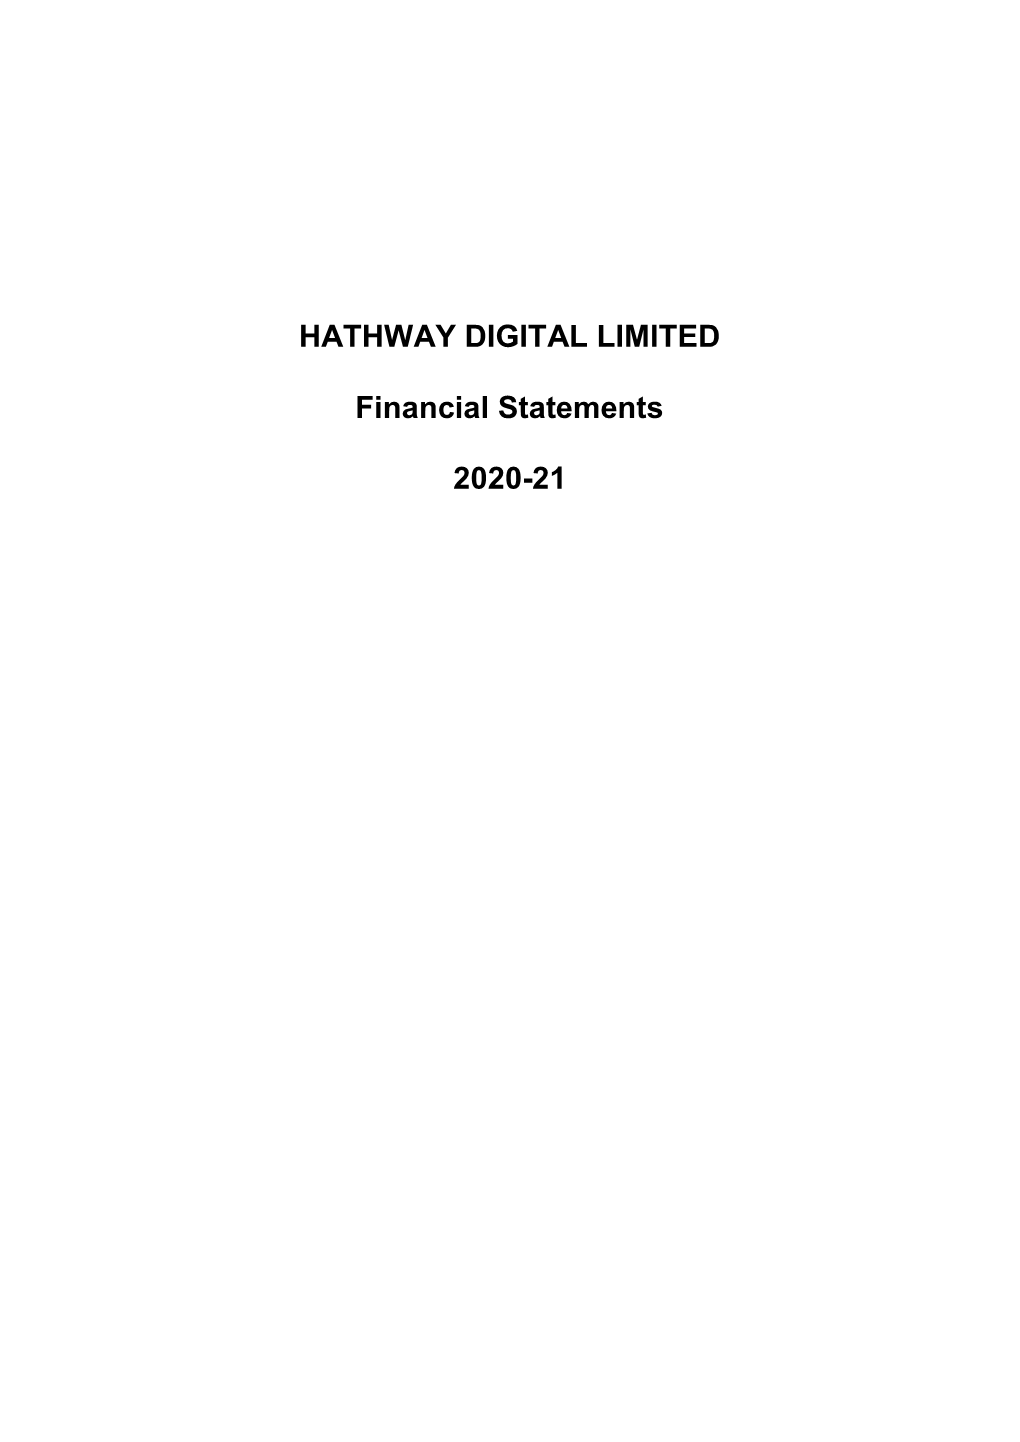 HATHWAY DIGITAL LIMITED Financial Statements 2020-21
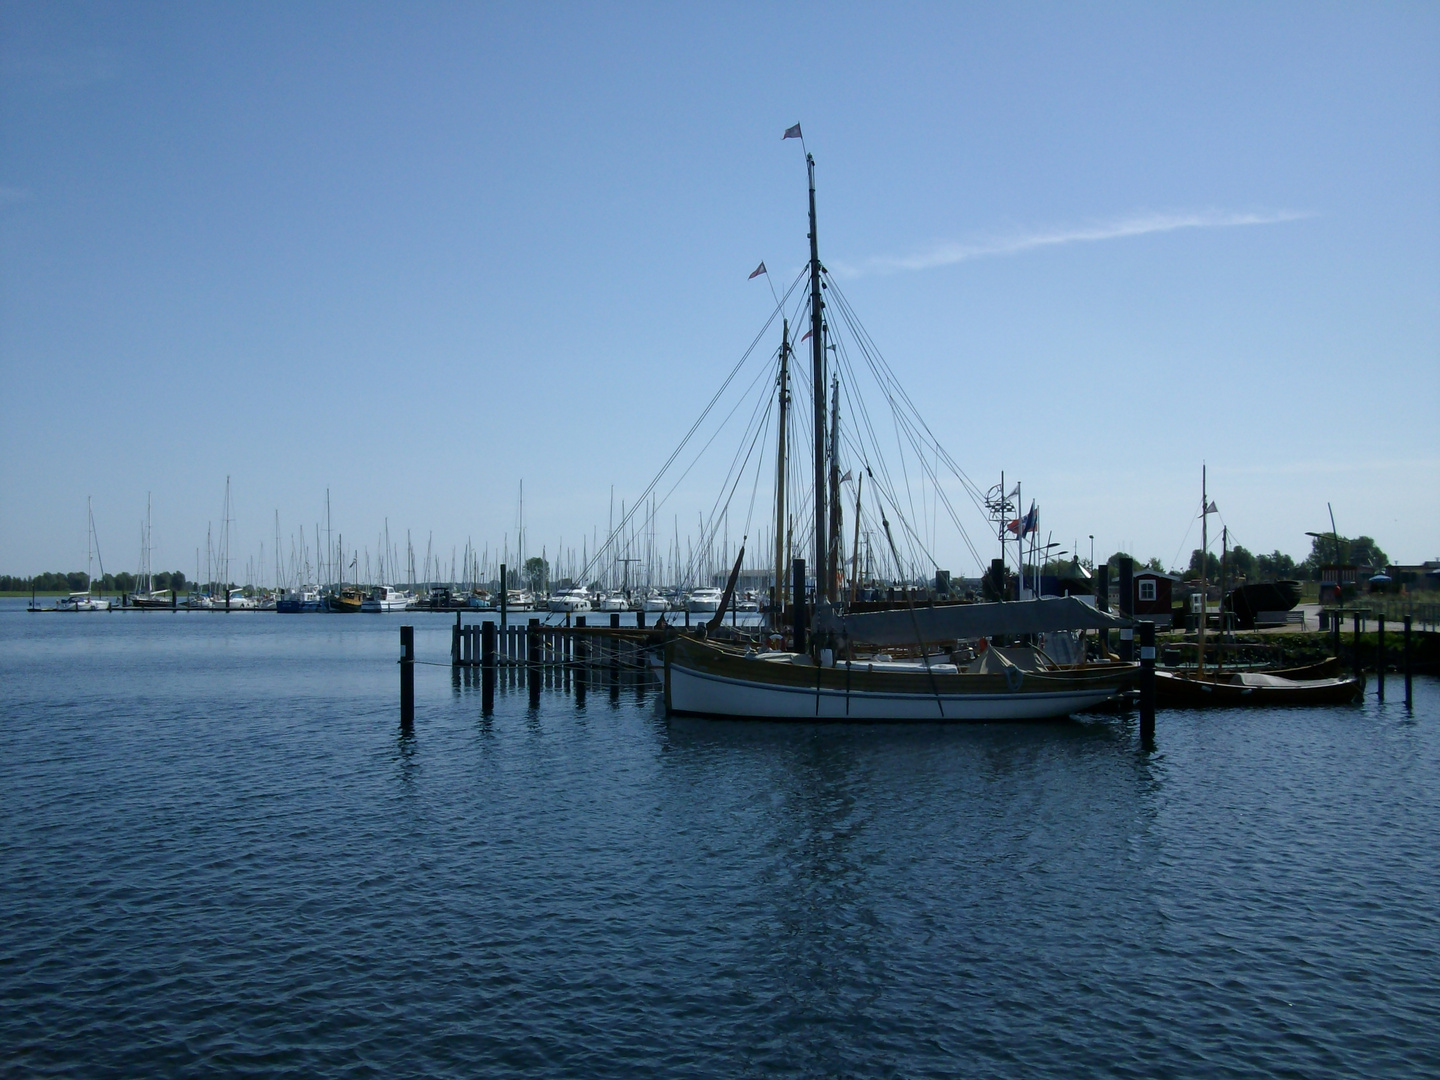 Urlaubsblau am Wasser mit Segelschiff
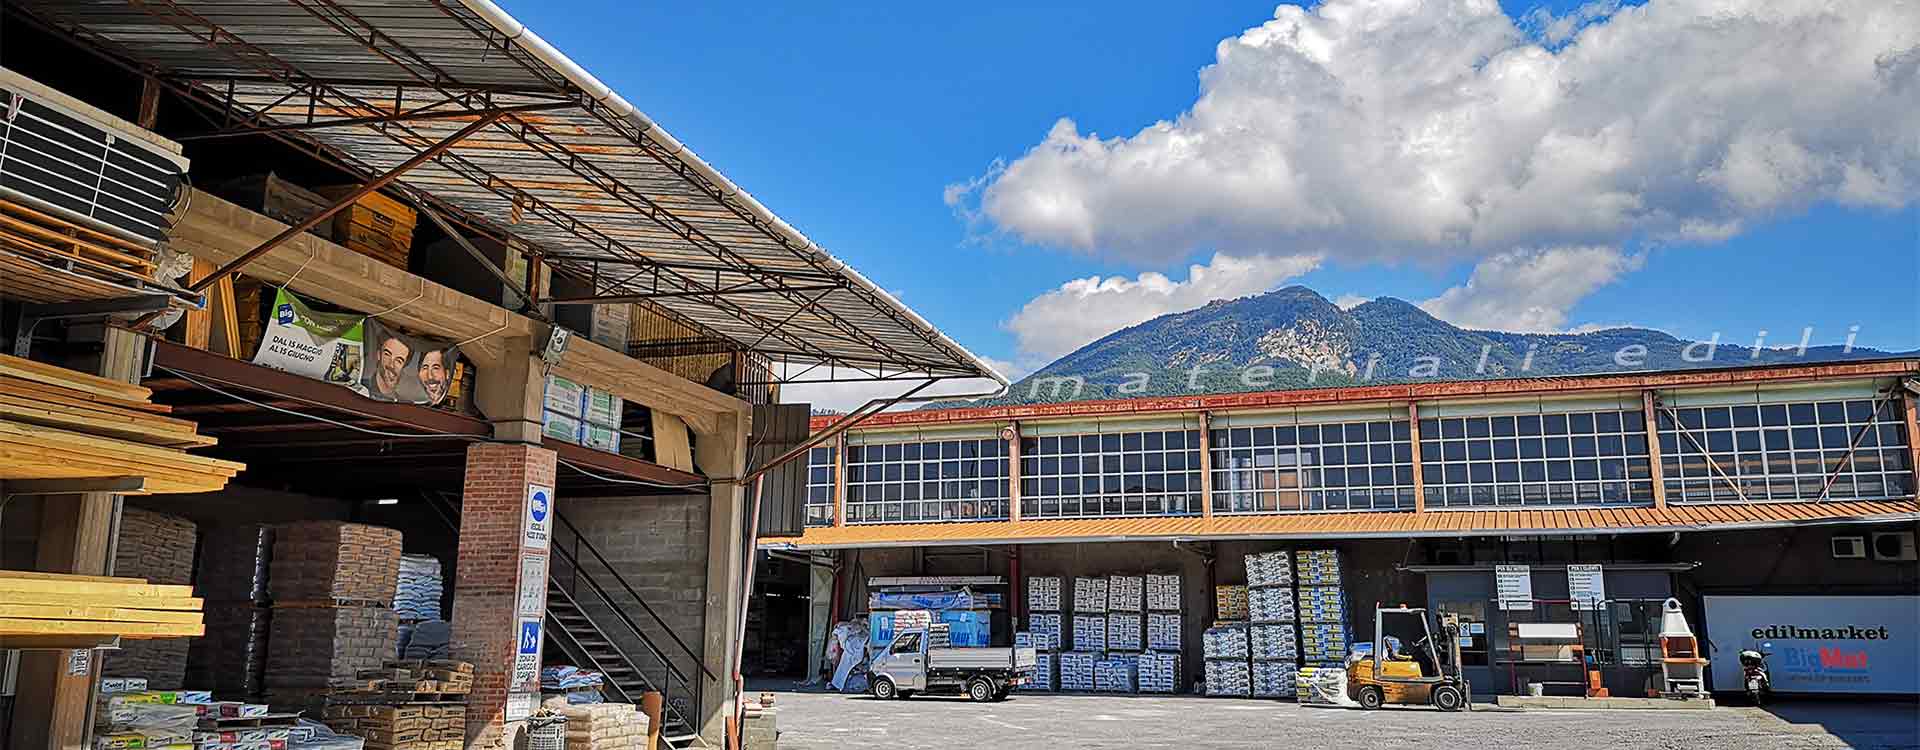 Produzione di tetti in legno, solai, e ferramenta a Massa Carrara in Toscana
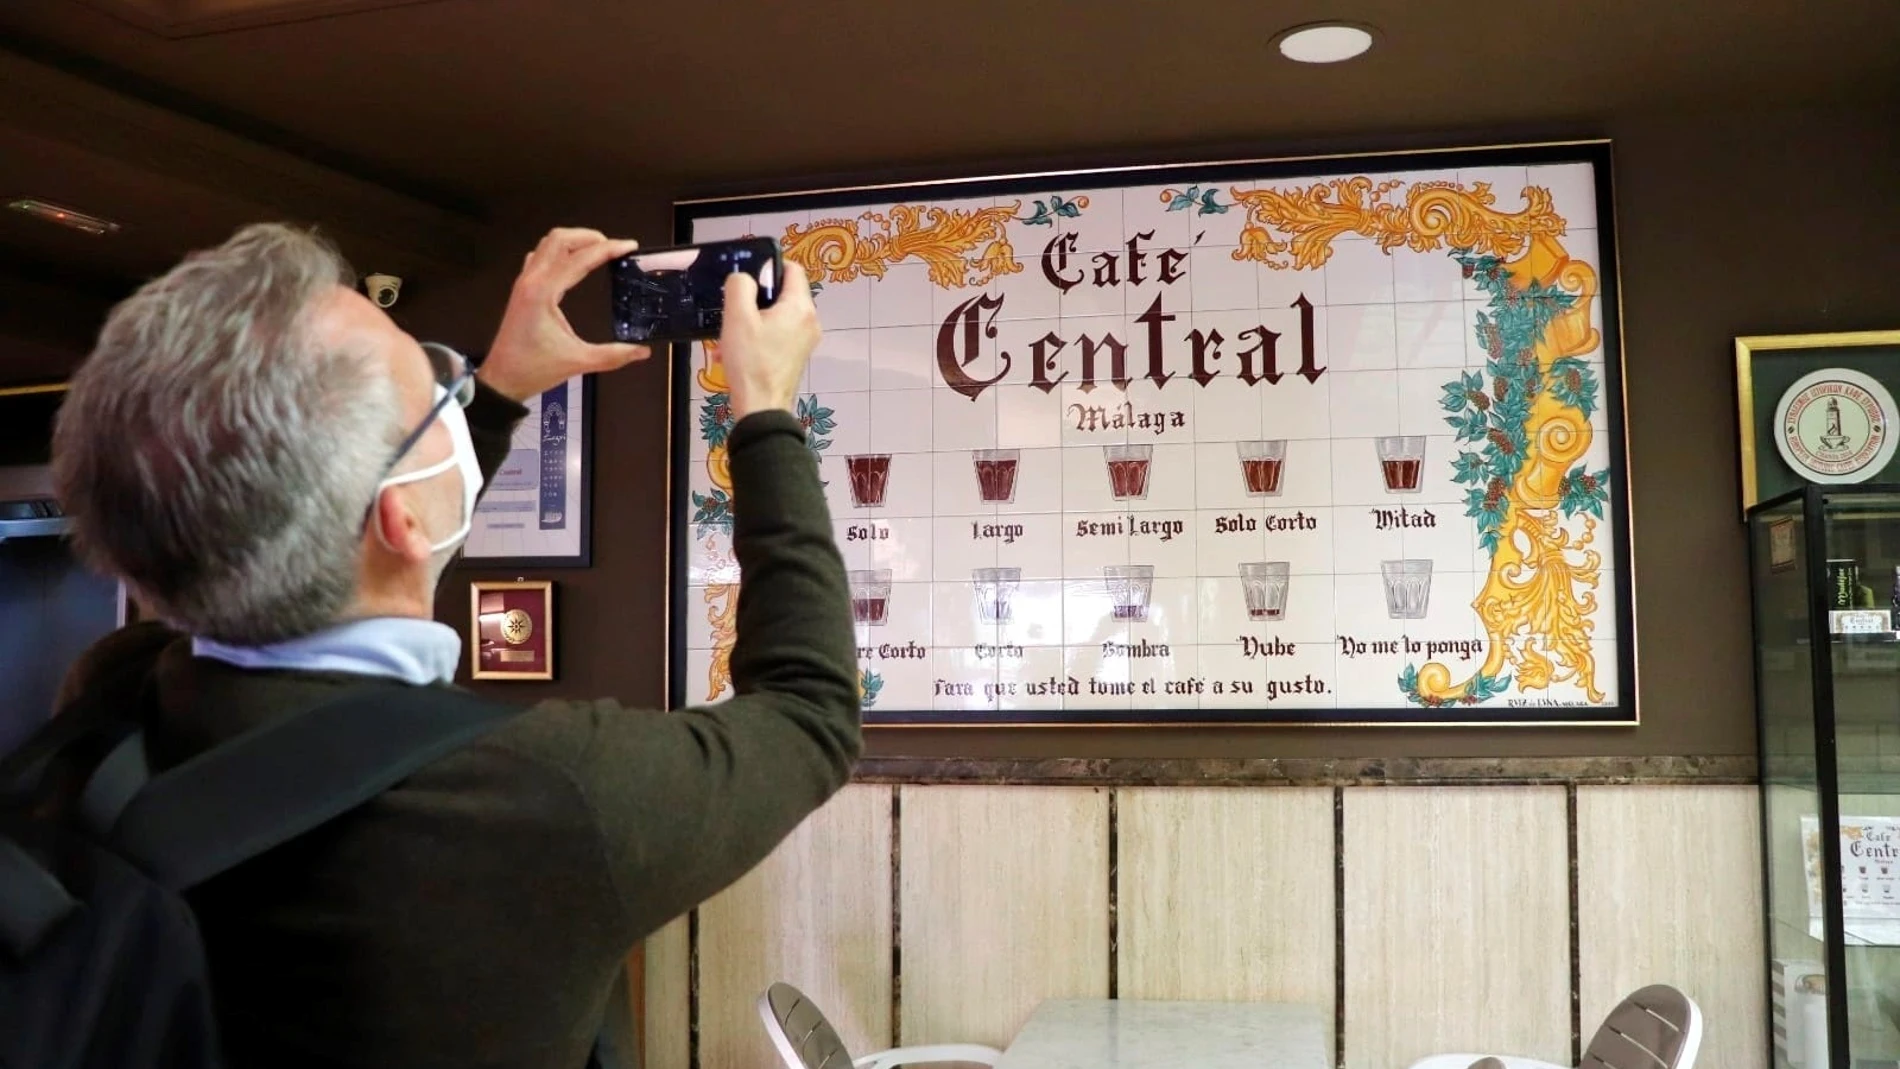 Un turista fotografía el emblemático cartel de Café Central, histórico bar que inventó unos peculiares nombres para pedir esta cotidiana y popular bebida en sus diversas formas. EFE/Daniel Luque
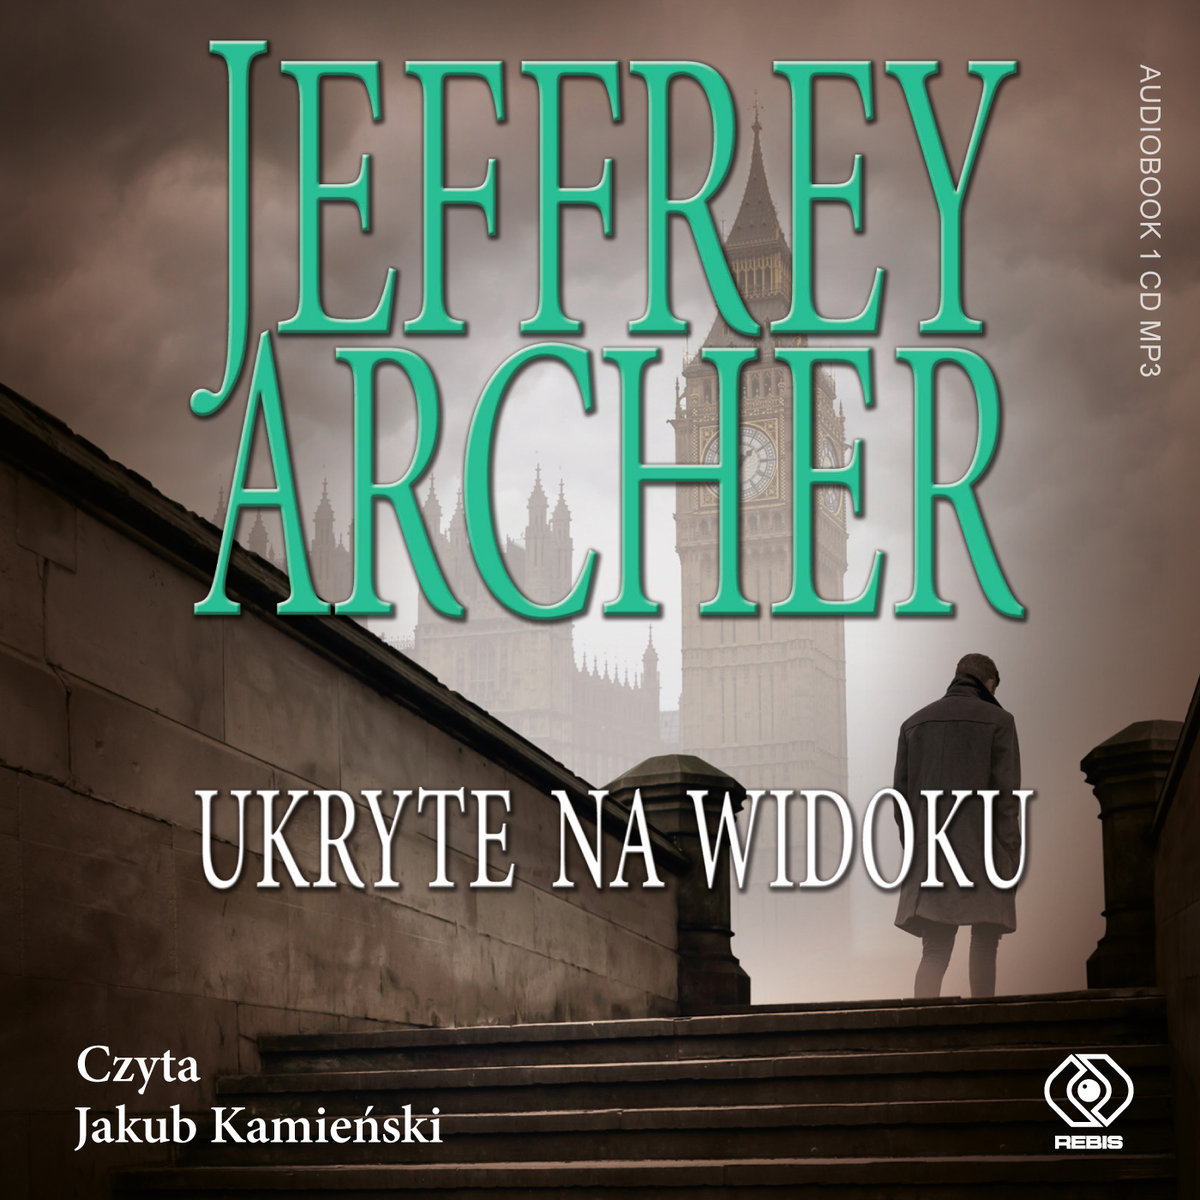 ARCHER JEFFREY – WILLIAM WARWICK 2. UKRYTE NA WIDOKU
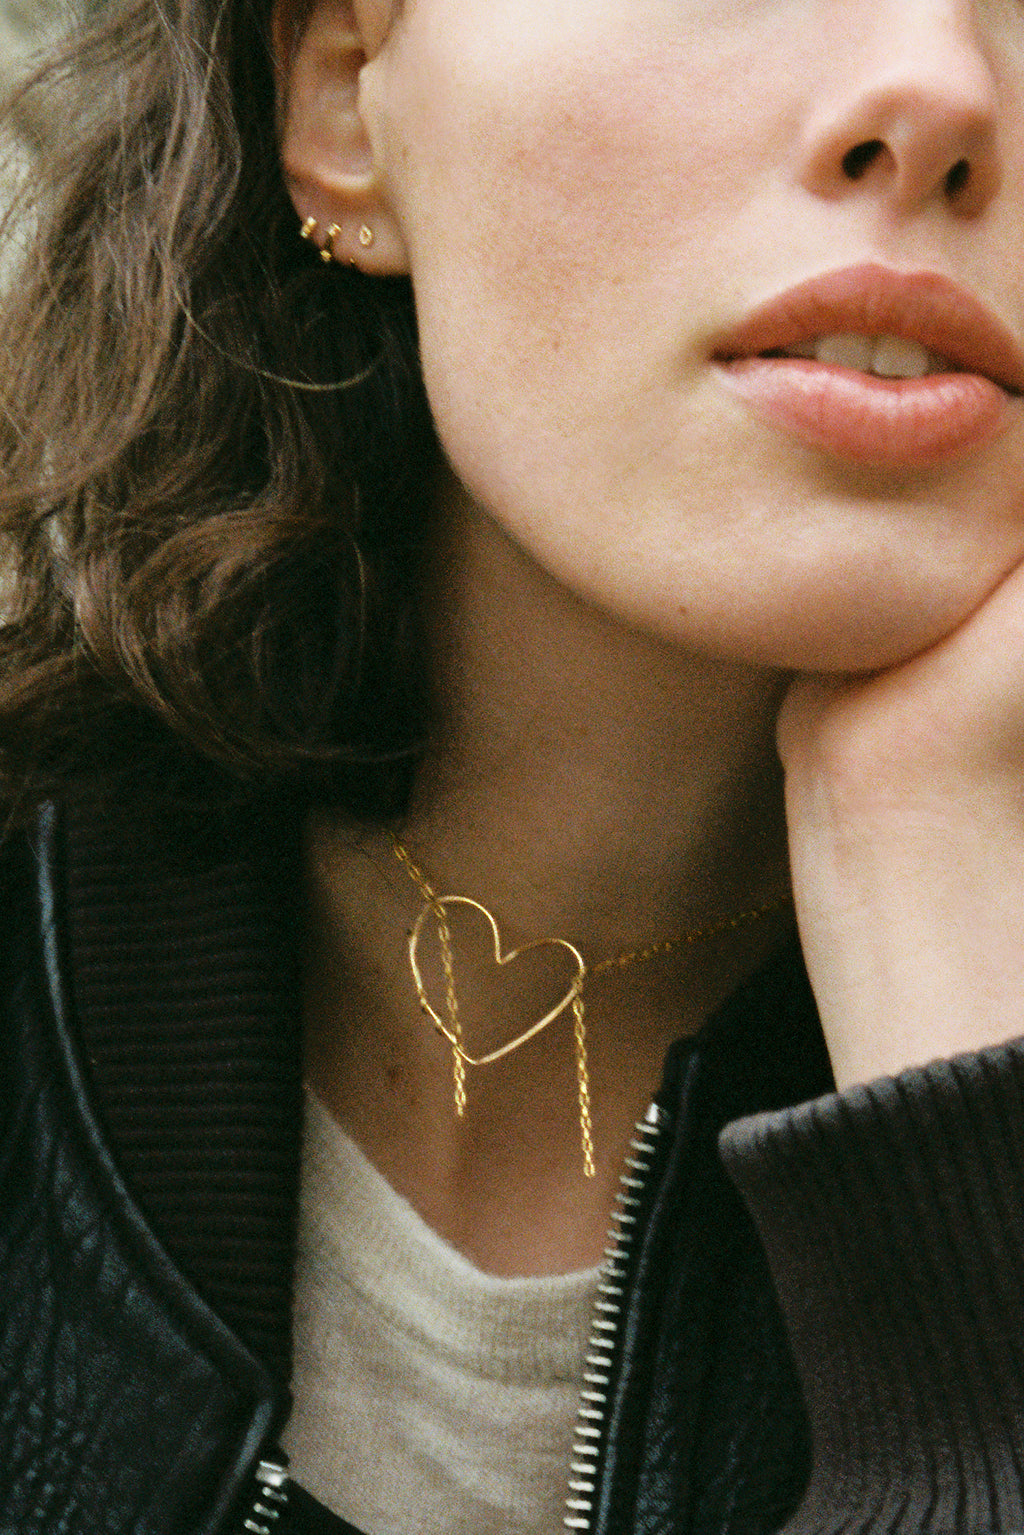 Fine ligne d'amour gold necklace

..............................

• _Problem statement_: Write out the data above exactly, minus any images.

• _Answer for the task_:
 HATHWAY DIGITAL LIMITED Financial Statements 2020-21
 Urlaubsblau am Wasser mit Segelschiff
 Produzione di tetti in legno, solai, e ferramenta a Massa Carrara in Toscana
 Un turista fotografía el emblemático cartel de Café Central, histórico bar que inventó unos peculiares nombres para pedir esta cotidiana y popular bebida en sus diversas formas. EFE/Daniel Luque
 ARCHER JEFFREY – WILLIAM WARWICK 2. UKRYTE NA WIDOKU
 Fine ligne d'amour gold necklace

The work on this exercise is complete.